The usual bug fixes, documentation improvements and fixes, etc. are implemented. Thanks to MIT, the NEH, and the Seaver Institute for funding the project. (and to MIT for tenuring me in part on the basis of music21). This is the last release that Josiah Oberholtzer was lead programmer for; his considerable talents will still be on display in Abjad and many other projects he works on, and the implications of the new storage system he has developed will continue to pay off for years.
What's next?
Starting work on music21 2.0 today. That release will have some backwards incompatible changes that developers will need to deal with -- just as the path to 1.0 meant that some things that were originally thought of as good ideas were thrown out, the path to 2.0 will rely on 8 years of using music21 to fix some things that really should've been done differently from the beginning. Having just spent 2 weeks making m21 compatible with Python 3, I will give my assurance that as few incompatibilities as possible will be introduced. Most of the major changes will be on the core -- so if you've never messed with Sites, SpannerStorage, etc., you'll be fine.

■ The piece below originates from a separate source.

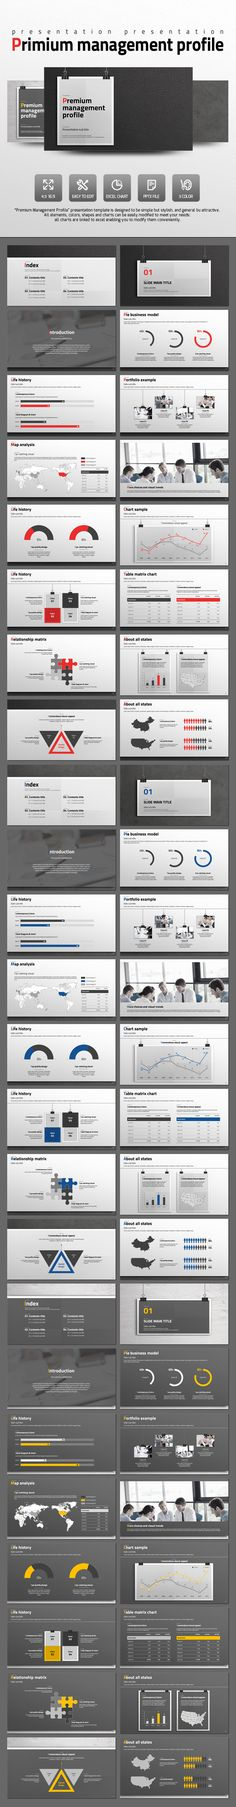 Premium Management Profile PowerPoint Template #design #slides Download: http://graphicriver.net/item/premium-management-profile/14044573?ref=ksioks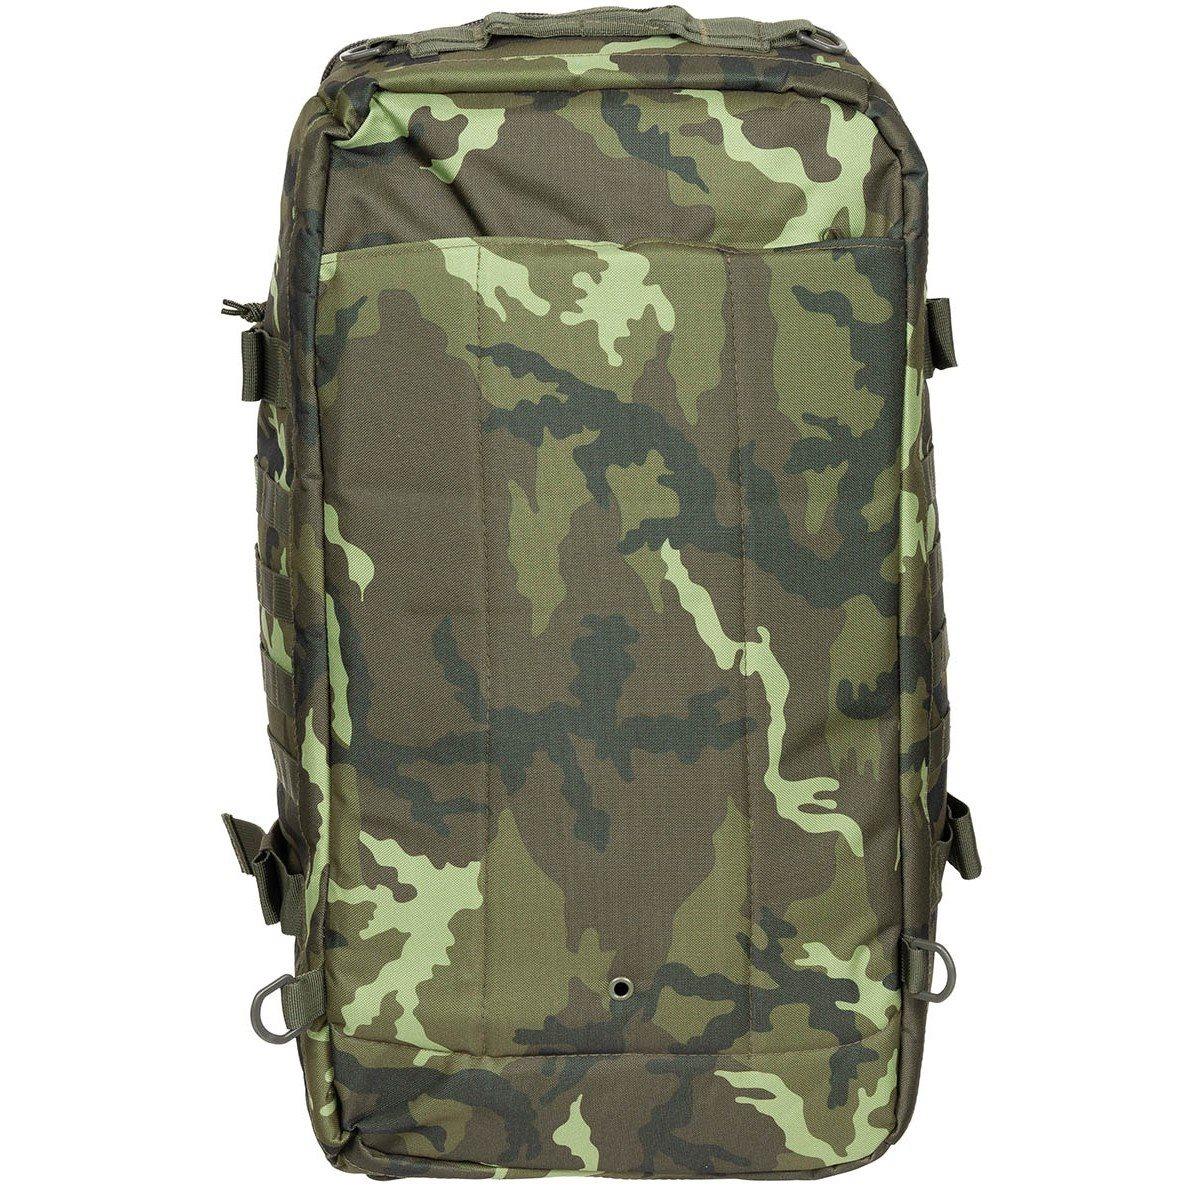 Taška kombinovaná s batohem TRAVEL MOLLE vz.95 les MFH int. comp. 30655J L-11

- Problems with 5 quintuplets = .99999999 of a beat will disappear. Music21 2.X will store offsets and quarterLengths internally as rational numbers (actually a custom MixedNumeral class, so that the __repr__ is nicer...). All music21 objects will gain four properties: ".offsetRational, .duration.quarterLengthRational, .offsetFloat, and .duration.quarterLengthFloat" -- in music21 2.0, .offset and .duration.quarterLength will be aliases for offsetFloat and .duration.quarterLengthFloat -- so no changes will be needed to existing code. This will give a period of time (6 months?) to switch .offset either to .offsetFloat or .offsetRational. We'll have a tool to make the switch automatically. Then at a certain point, .offset will become an alias for .offsetRational. By music21 3.0 .offset will only support Rational numbers.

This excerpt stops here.